RECORDED DATA →

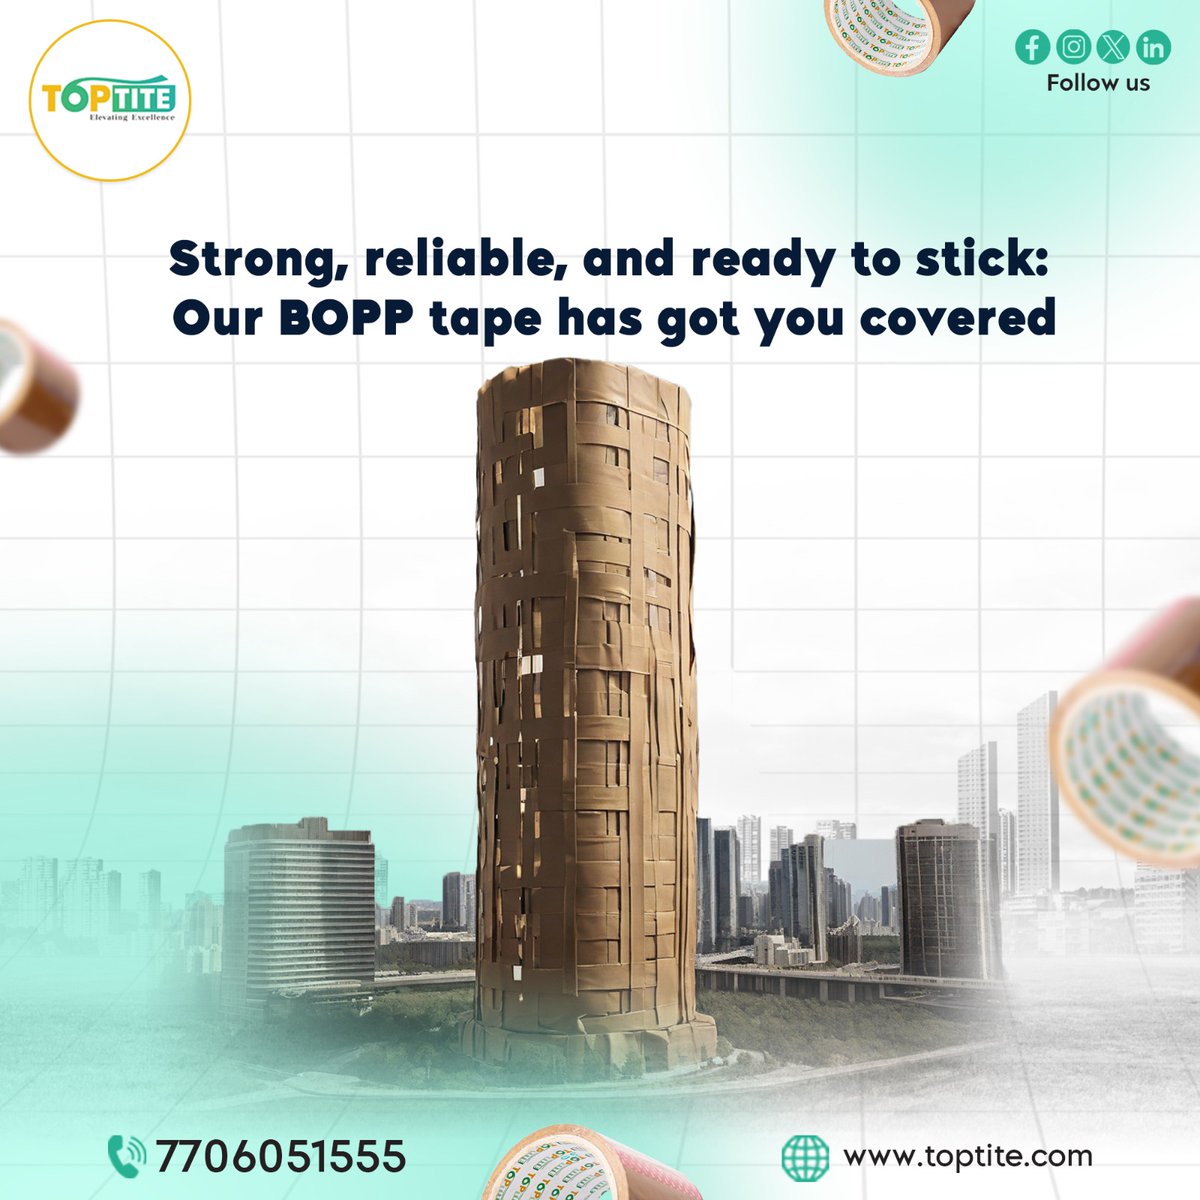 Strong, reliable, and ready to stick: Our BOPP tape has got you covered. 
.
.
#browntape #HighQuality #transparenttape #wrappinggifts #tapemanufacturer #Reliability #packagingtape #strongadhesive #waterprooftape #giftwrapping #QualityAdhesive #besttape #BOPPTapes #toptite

WHAT THE TASK ASKS → An exact copy of the material above is required, free of any pictures.

TASK OUTPUT →
 Strong, reliable, and ready to stick: Our BOPP tape has got you covered. 
.
.
#browntape #HighQuality #transparenttape #wrappinggifts #tapemanufacturer #Reliability #packagingtape #strongadhesive #waterprooftape #giftwrapping #QualityAdhesive #besttape #BOPPTapes #toptite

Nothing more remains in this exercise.